▸ **PROBLEM REQUIREMENTS**: Your answer should hold the data exactly as given, minus any picture.
*** INFORMATION PROVIDED ***
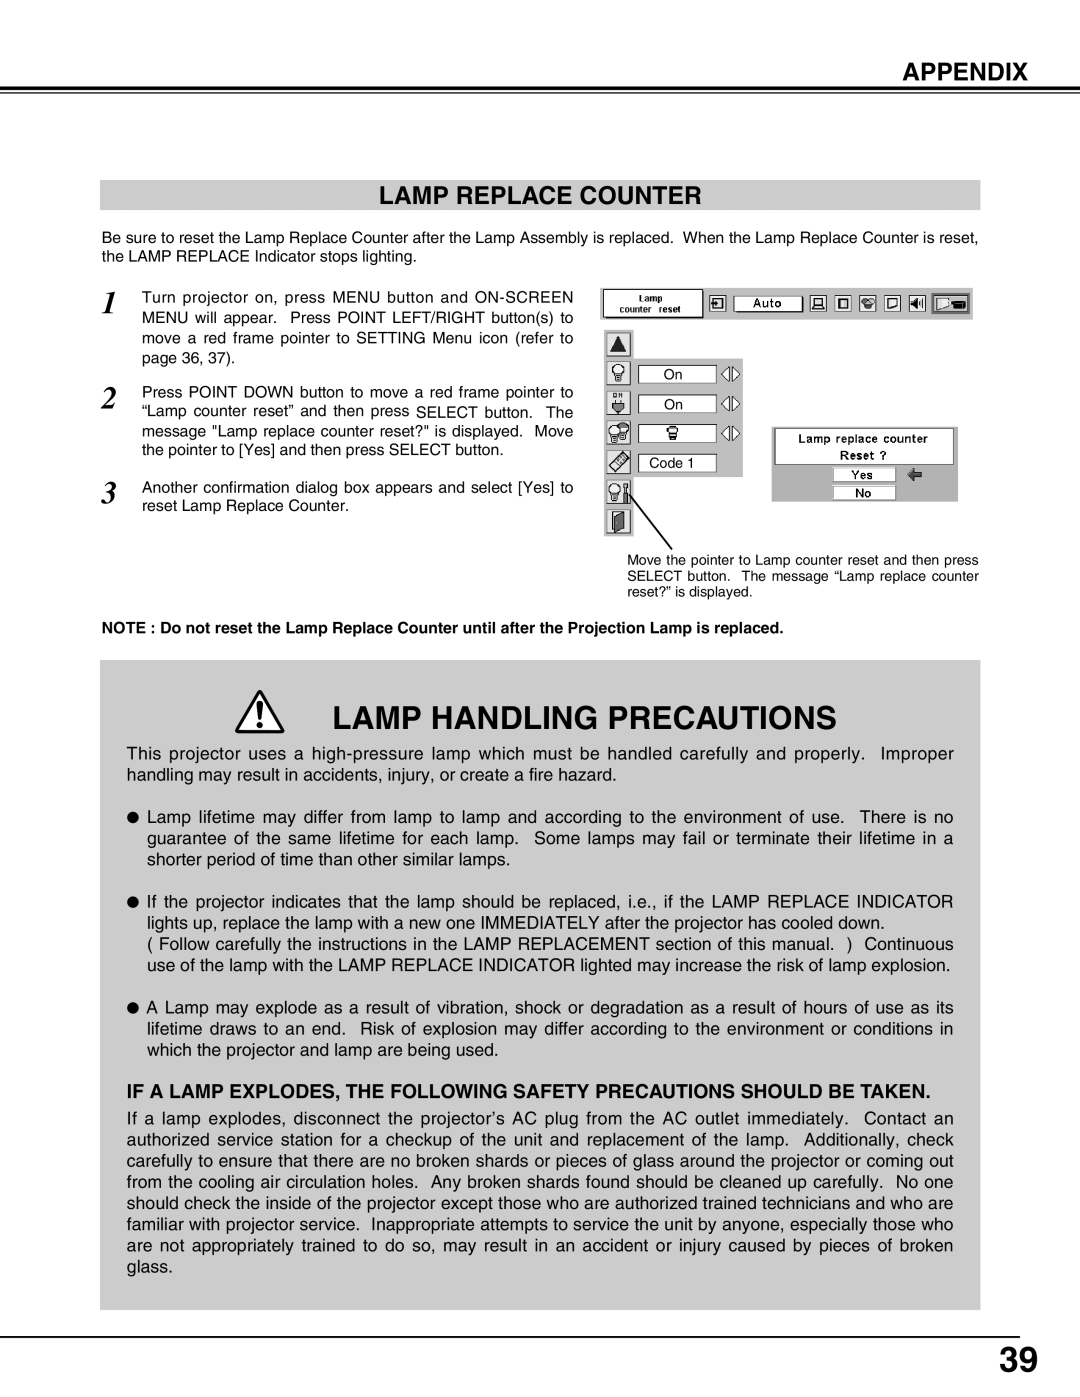 Christie Digital Systems 38-VIV207-01 user manual Appendix Lamp Replace Counter, Lamp Handling Precautions 
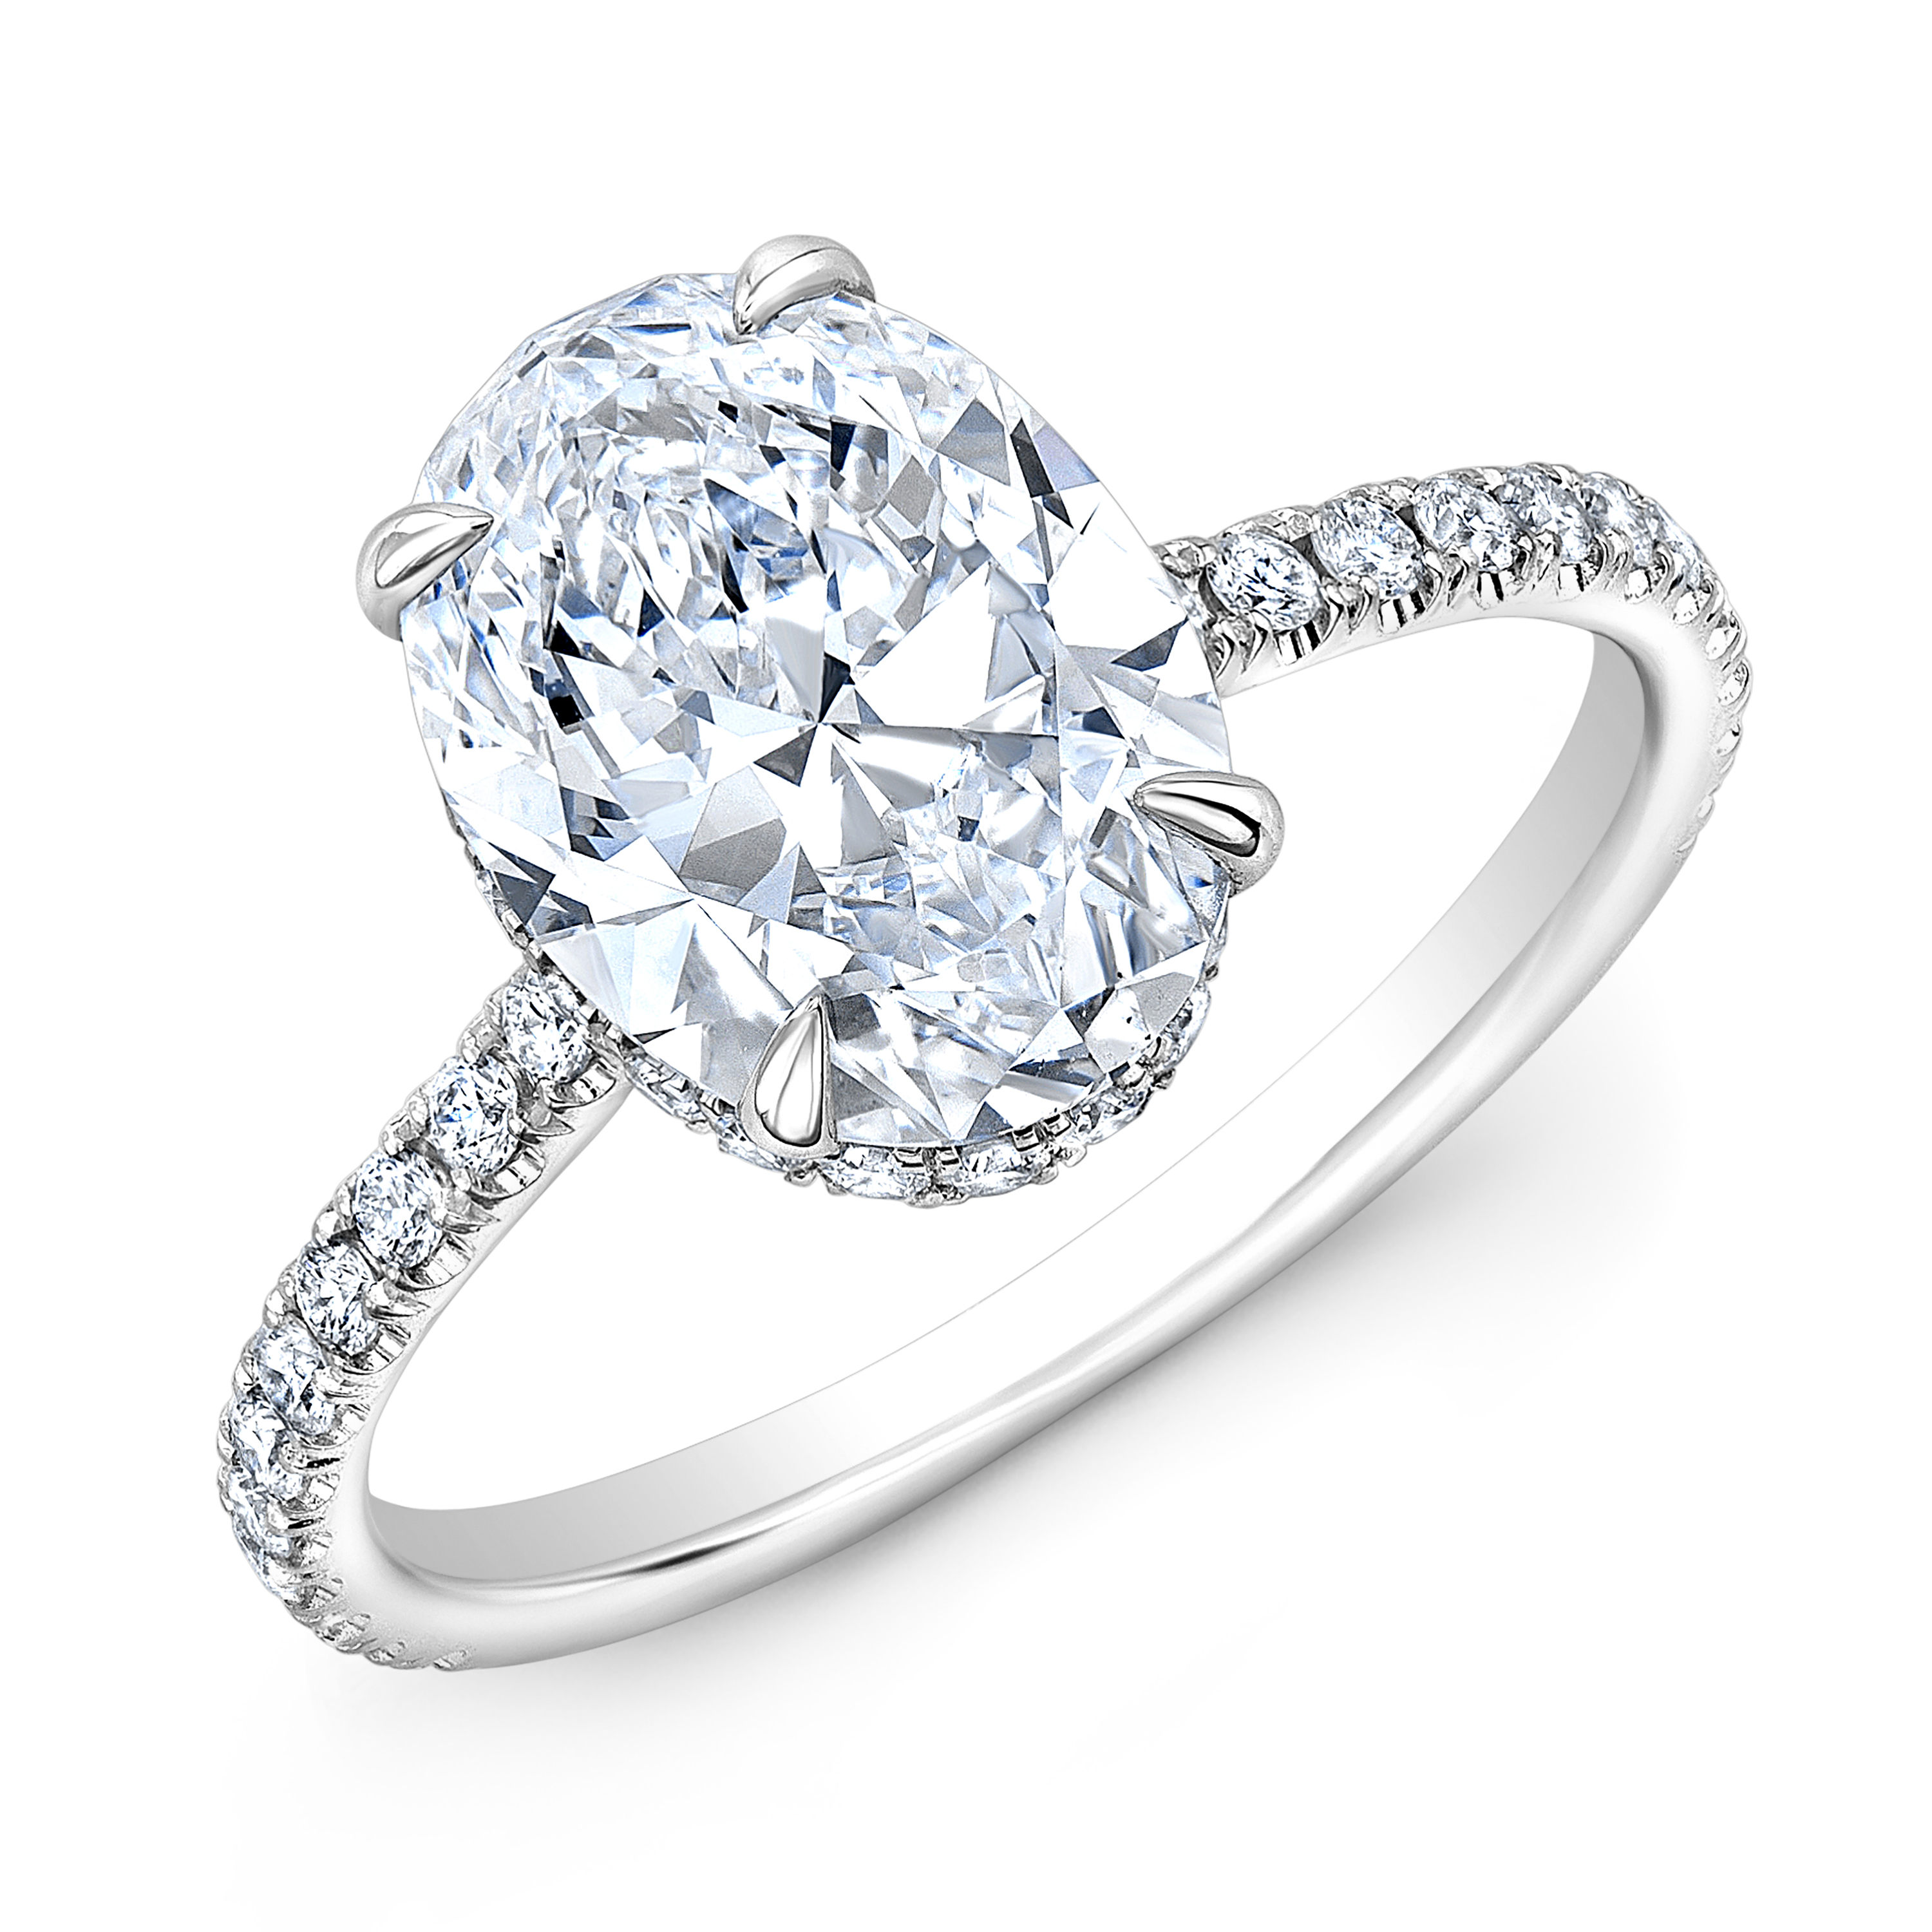 Best diamond ring designs
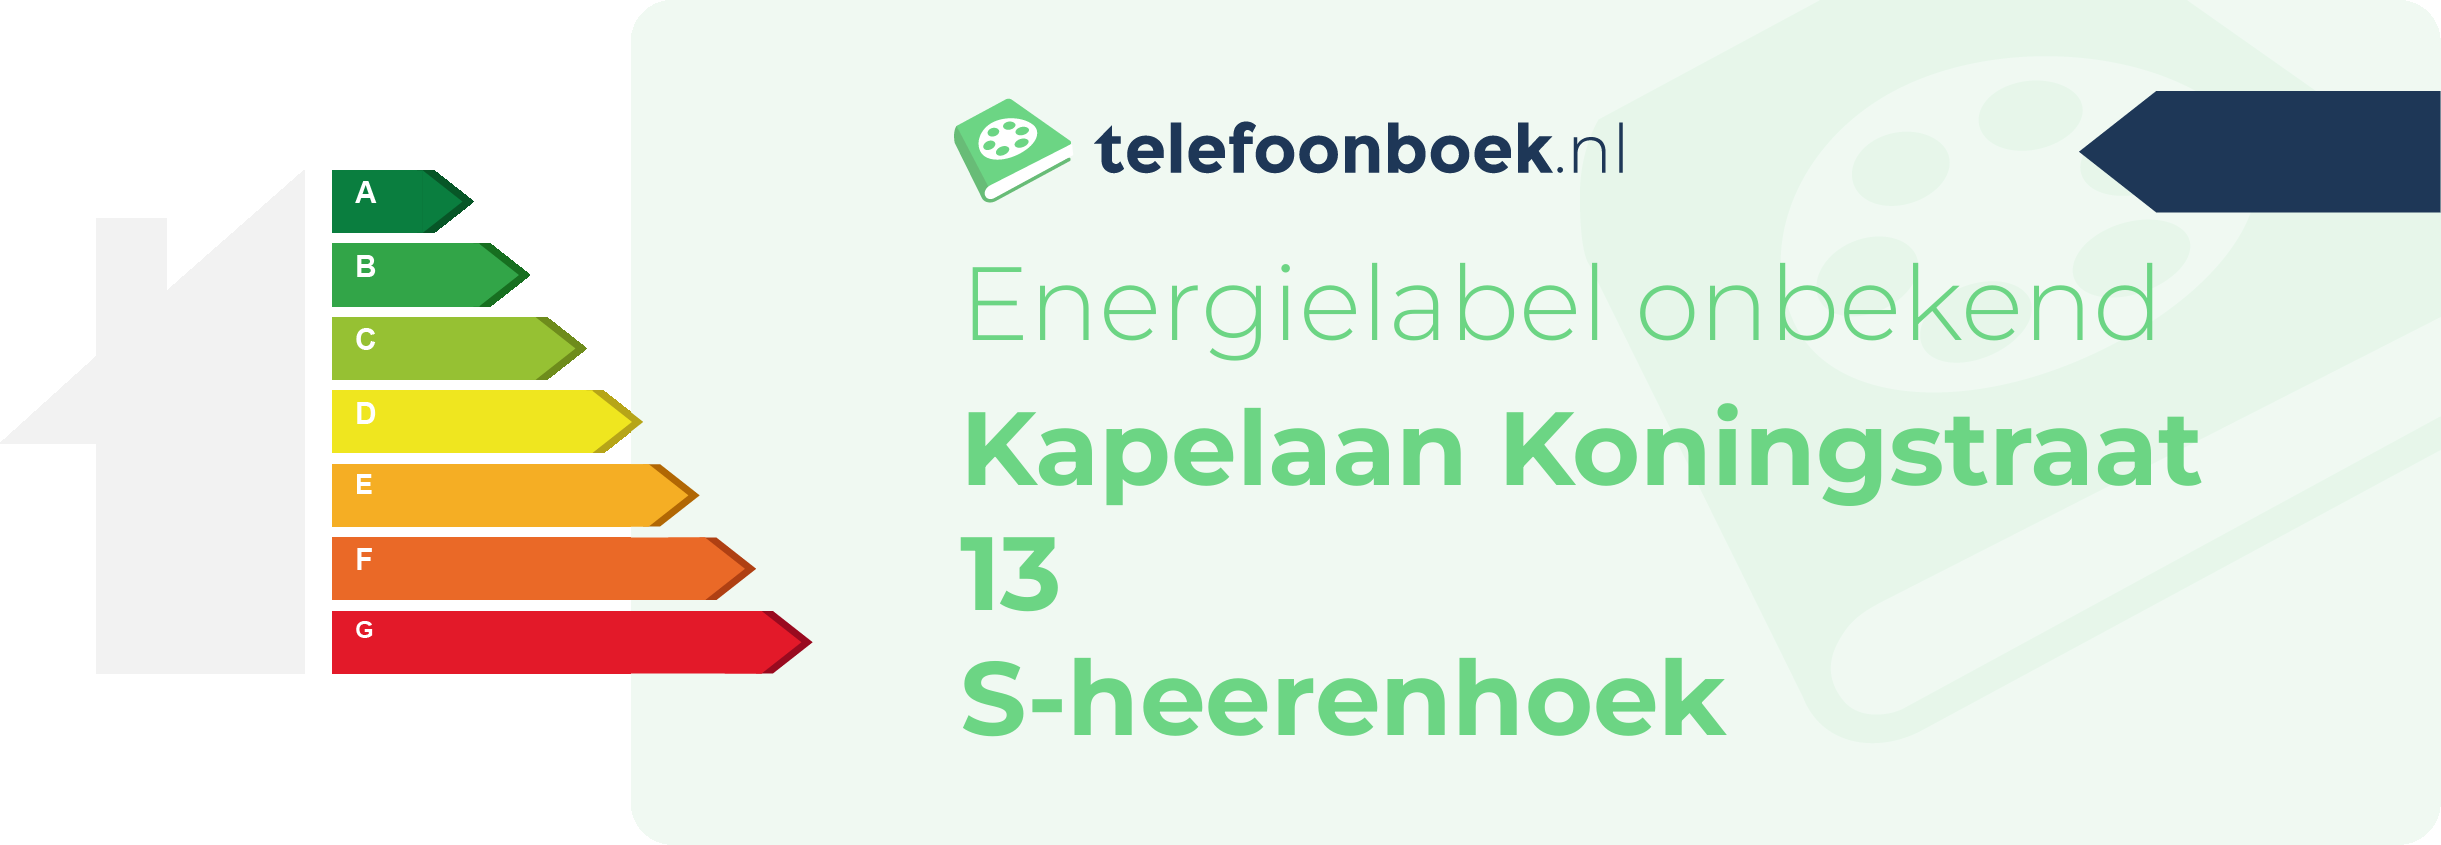 Energielabel Kapelaan Koningstraat 13 S-Heerenhoek
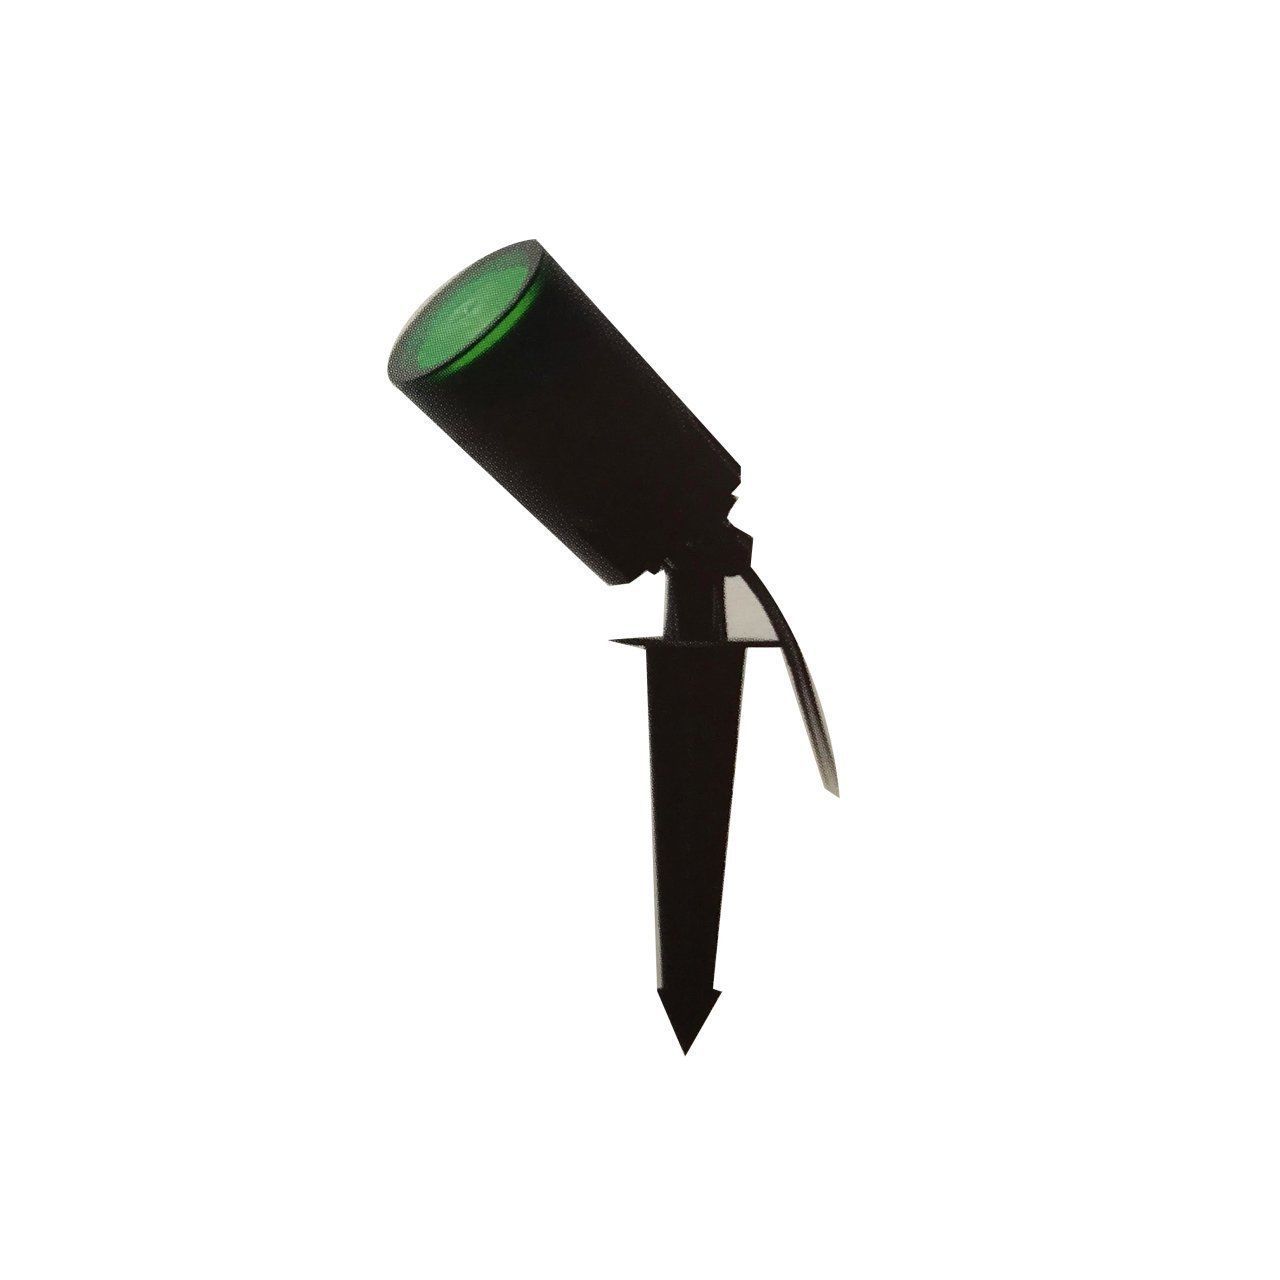 Cata Çim Kazığı Bahçe Armatürü CT-7306 - Yeşil Renk
*** End of INFORMATION PROVIDED ***
▸ **PROBLEM SOLUTION**:
 Christie Digital Systems 38-VIV207-01 user manual Appendix Lamp Replace Counter, Lamp Handling Precautions 
 Best diamond ring designs
 Energielabel Kapelaan Koningstraat 13 S-Heerenhoek
 Cata Çim Kazığı Bahçe Armatürü CT-7306 - Yeşil Renk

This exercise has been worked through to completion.